Vasculitis, asthma-directed therapies, and pathways toward remission exacerbation and maintenance increasingly depend on new biologics, especially in relapsed or treatment-resistant EGPA, with some shared similarities in asthma, eosinophilic disorders, and systemic AAV [84, 85]. An improved understanding of the EGPA pathophysiology has revealed a target-rich landscape within the Th2 IL activation pathway and eosinophils. Agents have been developed targeting eosinophil biology, most importantly, mepolizumab, an anti-IL-5 monoclonal antibody. The role of the B-cell compartment in EGPA is unclear; however, rituximab has been studied in other AAVs and is being investigated for this purpose in EGPA [86].
A chimeric monoclonal antibody that targets CD20 is called RTX. All B-cell lineages, with the exception of pro-B-cells and plasma cells, have the B-cell membrane antigen CD20, which is essential for B-cell growth and interacts with T cells [83, 87]. Interest in using RTX for vasculitis exploded with a single case report in 2001 of a patient with GPA who had depletion of CD20-positive B-cells and a robust clinical response [88]. Because of the improved safety profile over CYC, the availability of biosimilars that lower costs and RCT indicating non-inferiority in general AAV as compared to CYC, RTX is currently authorized as both a protocol for induction and maintenance GPA and MPA. In any case, the investigations did not contain any EGPA patients [88–91]. Patients with relapsing EGPA typically have diminished CD20+ B-cells and also raised CD80+, CD27+, and CD95+ B-cells, and approximately 30% of patients are ANCA positive. Still, there is overlap, and there is often a persistent immune response towards IgG4. Serum IgG4 levels also reflect systemic disease activity, and affected organs are also invaded by IgG4-positive B-cells [92–95]. RTX specifically targets the CD20 on B-cells and induces cytotoxicity and apoptosis indirectly, while CYC is alkylating agent and exert its direct cytotoxic effect by cross-linking DNA. Open-label research and case report studies support RTX for relapsing EGPA or refractory EGPA [96–98].
In the recent prospective co-research, sixty-three individuals with refractory/relapsing EGPA who received RTX therapy were gathered from various sites across Europe. Approximately 87% of patients were prescribed RTX to alleviate a vasculitis flare-up, with symptoms primarily affecting the skin, kidneys, and PNS. Additionally, at the start of treatment, 83% of patients were diagnosed with active asthma [92, 96].

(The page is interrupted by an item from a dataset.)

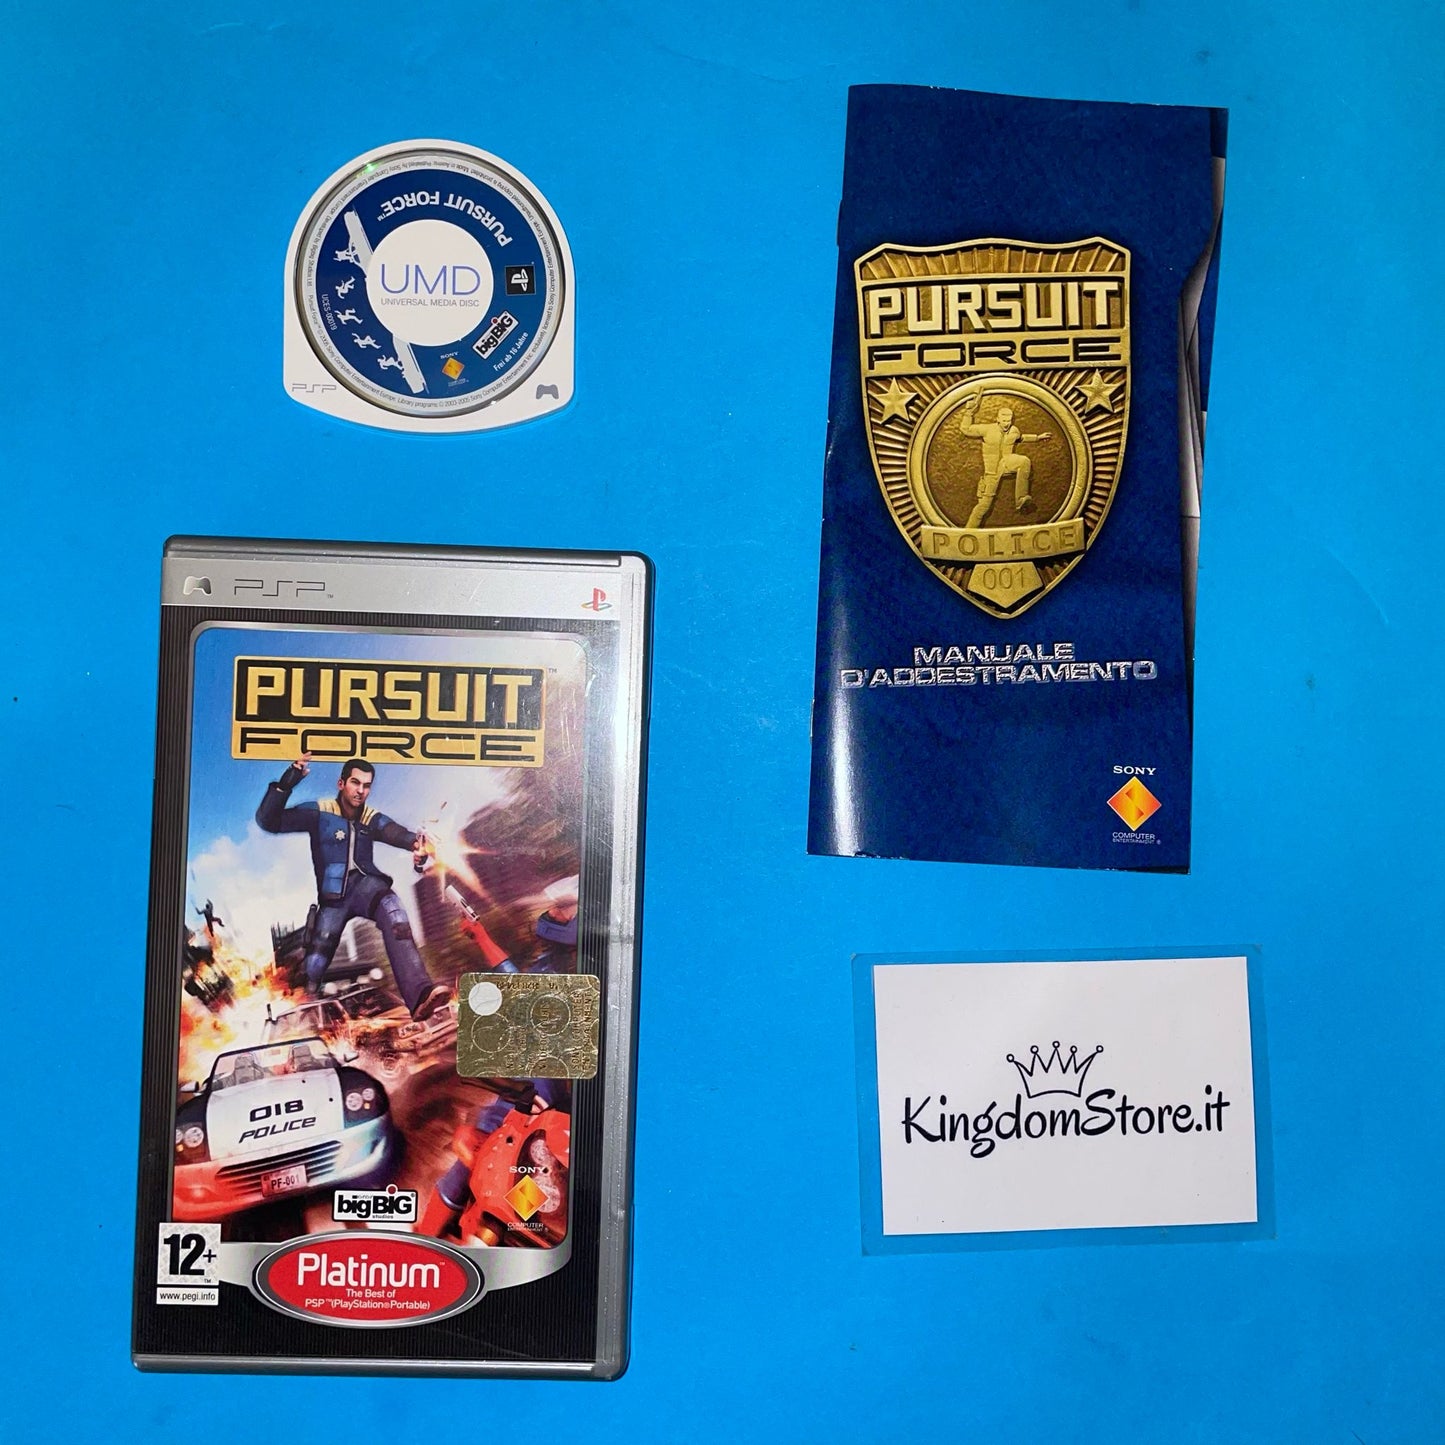 Pursuit Force - Playstation Portable PSP - Platinum

A crucial part of the immune system’s regulatory process is played by cytokines and chemokines. Eosinophil survival and activation are mostly mediated by IL-5, a cytokine produced by innate lymphoid and Th2 cells that controls innate immunity [99]. A humanized monoclonal antibody against IgG1 that is anti-IL-5, mepolizumab, prevents IL-5 from attaching to the α-subunit of its receptor, which is mostly expressed on eosinophils. When it was initially authorized, it was used to treat simple eosinophilic asthma. Mepolizumab has been studied in several allergy-related conditions, including hyper-eosinophilic syndromes, atopic dermatitis, and persistent rhinosinusitis, due to its role in the allergic pathway. The pathogenetic pathways linked to eosinophilic disorders are also present in EGPA. Because eosinophil products, such as eosinophil peroxidase and cationic protein, are present in large concentrations in serum, urine, and tissues, the proliferation of eosinophils in EGPA results in enormous tissue damage [100, 101]. Moreover, apoptotic genes CASP2, CARD4, and BLC2L13, and impaired EGPA eosinophils appear to display less apoptosis mediated by CD95 (Apo-1 Fas). In BAL fluid and EGPA sera, elevated levels of IL-5, IL-4, and IL-13 show that asthma is associated with an activated Th2 cell phenotype. EGPA patients had concentrations that were greater than normal of IL-5, which implies that this cytokine might be a target for treatment [102].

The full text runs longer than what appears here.